SUPPLIED MATERIAL -
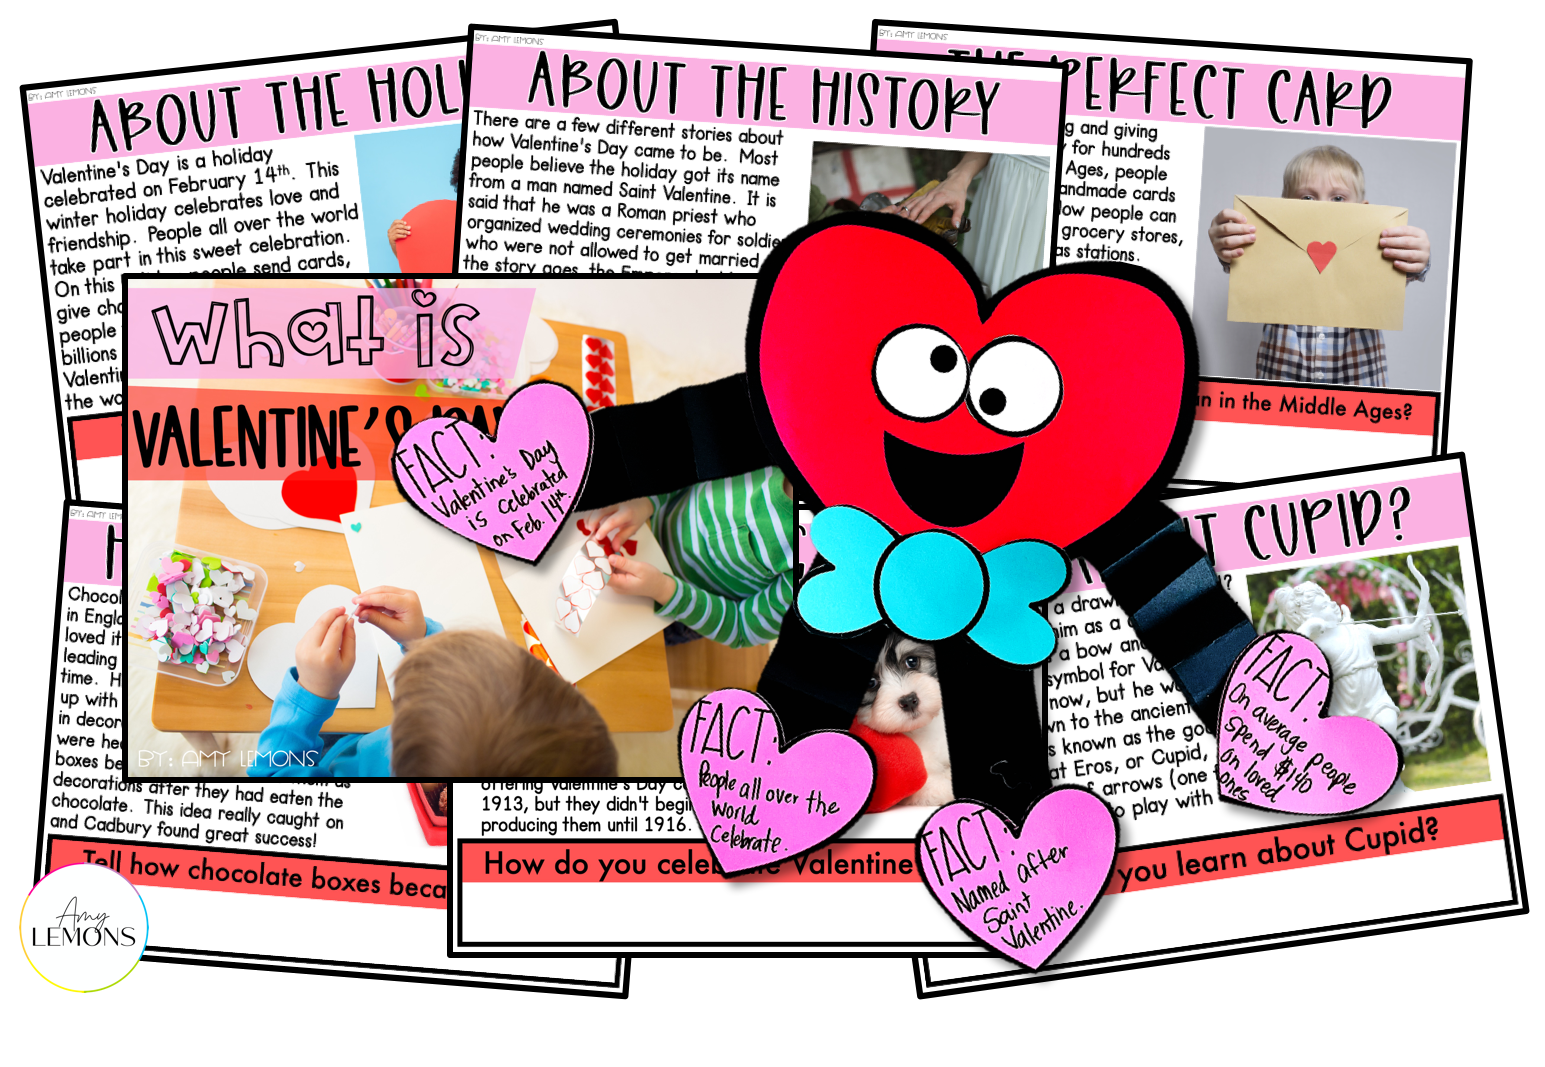 Valentine's Day reading activities to learn the history of Valentine's day with a heart craft for showing 4 facts learned.
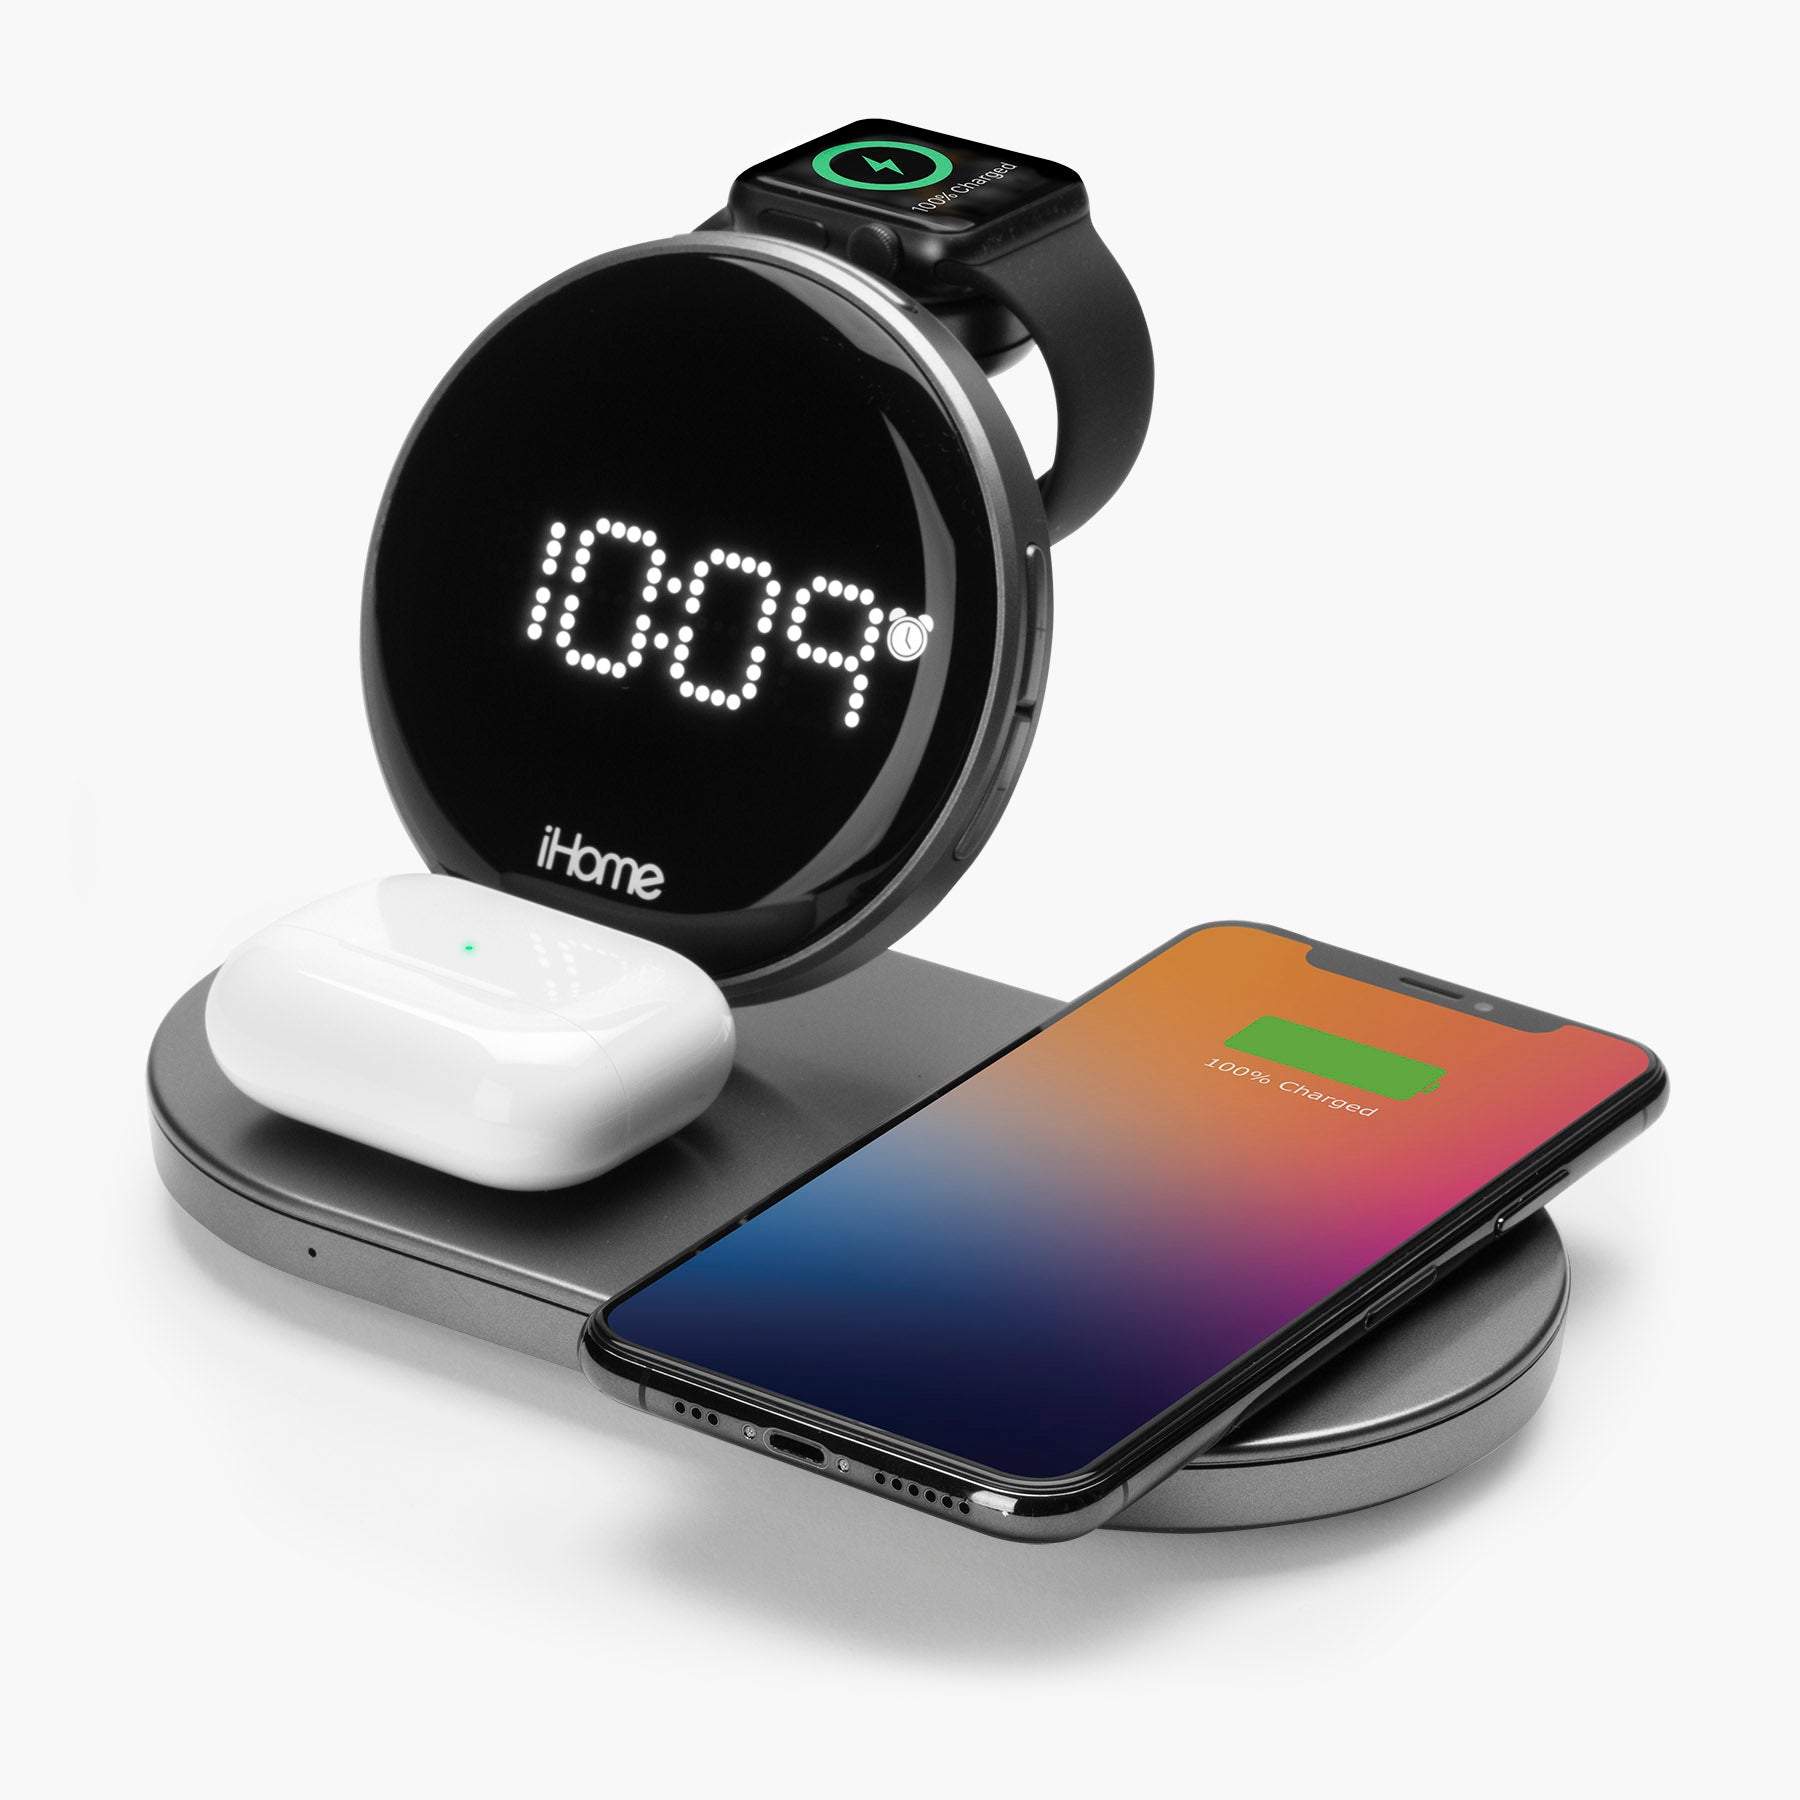 Charging Station with Wireless Charger, Apple Watch Charger, AirPods Charger, USB Charging (iWW33BGOL)
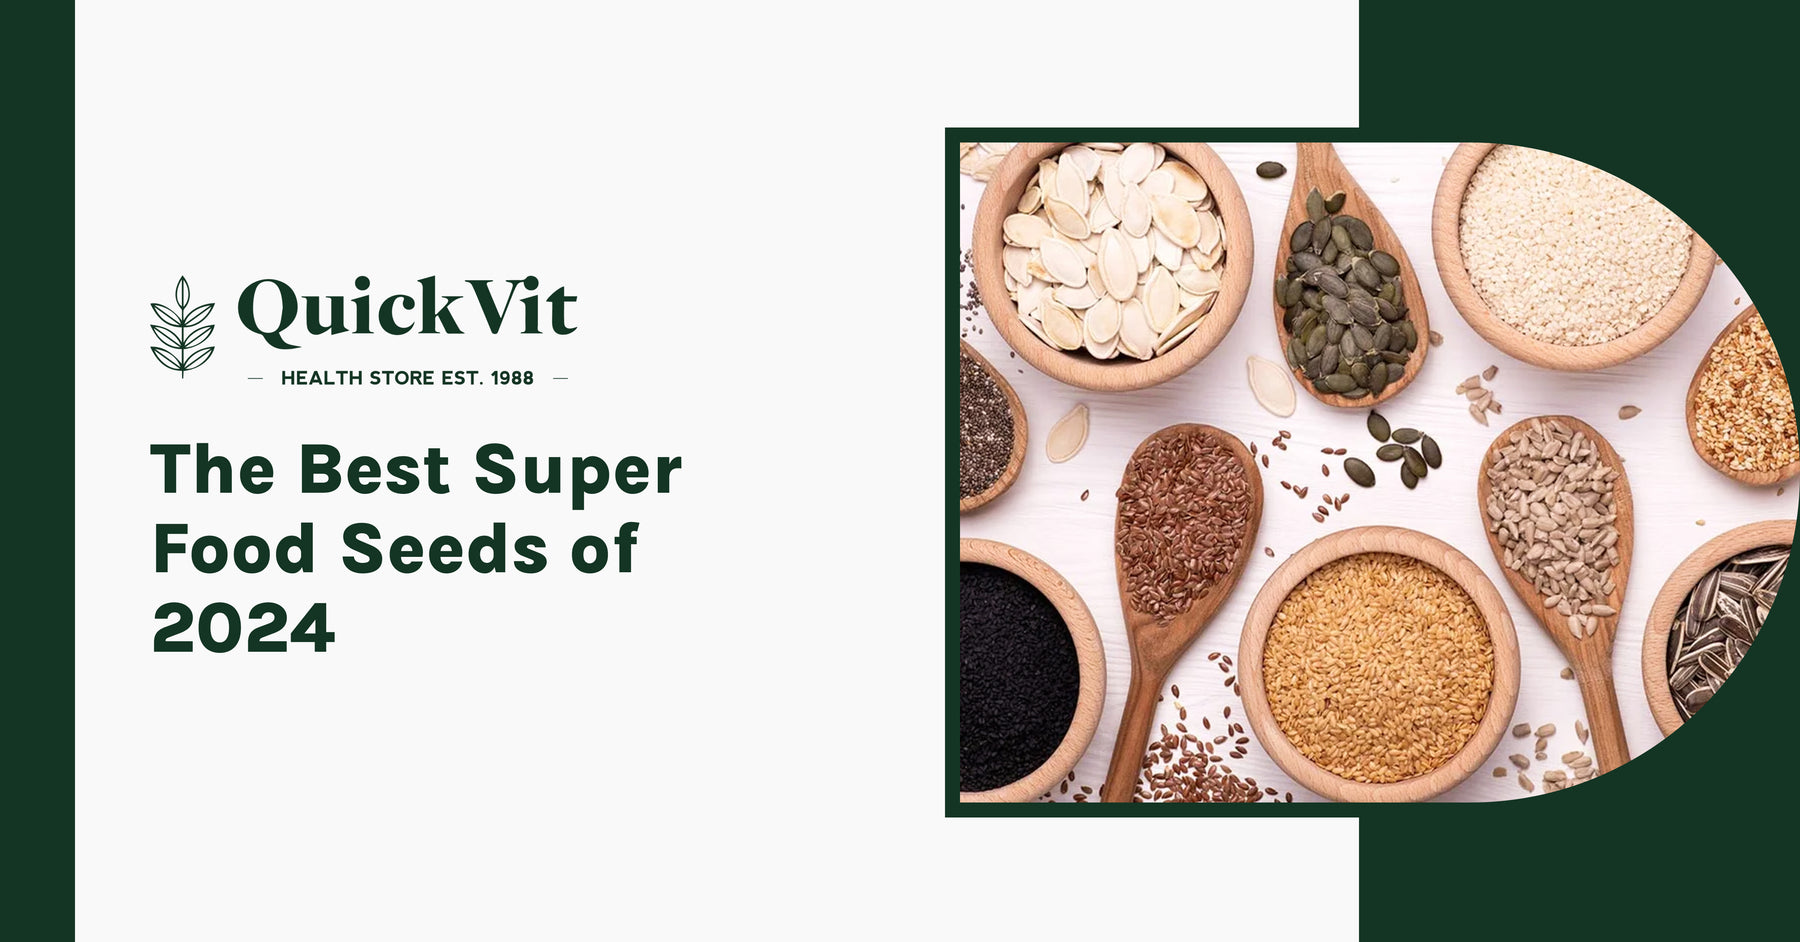 The Best Super Food Seeds of 2024

EXERCISE REQUIREMENTS - The material must be returned exactly, with its pictures omitted.

SOLUTION FOR THIS EXERCISE -
 Valentine's Day reading activities to learn the history of Valentine's day with a heart craft for showing 4 facts learned.
 Charging Station with Wireless Charger, Apple Watch Charger, AirPods Charger, USB Charging (iWW33BGOL)
 The Best Super Food Seeds of 2024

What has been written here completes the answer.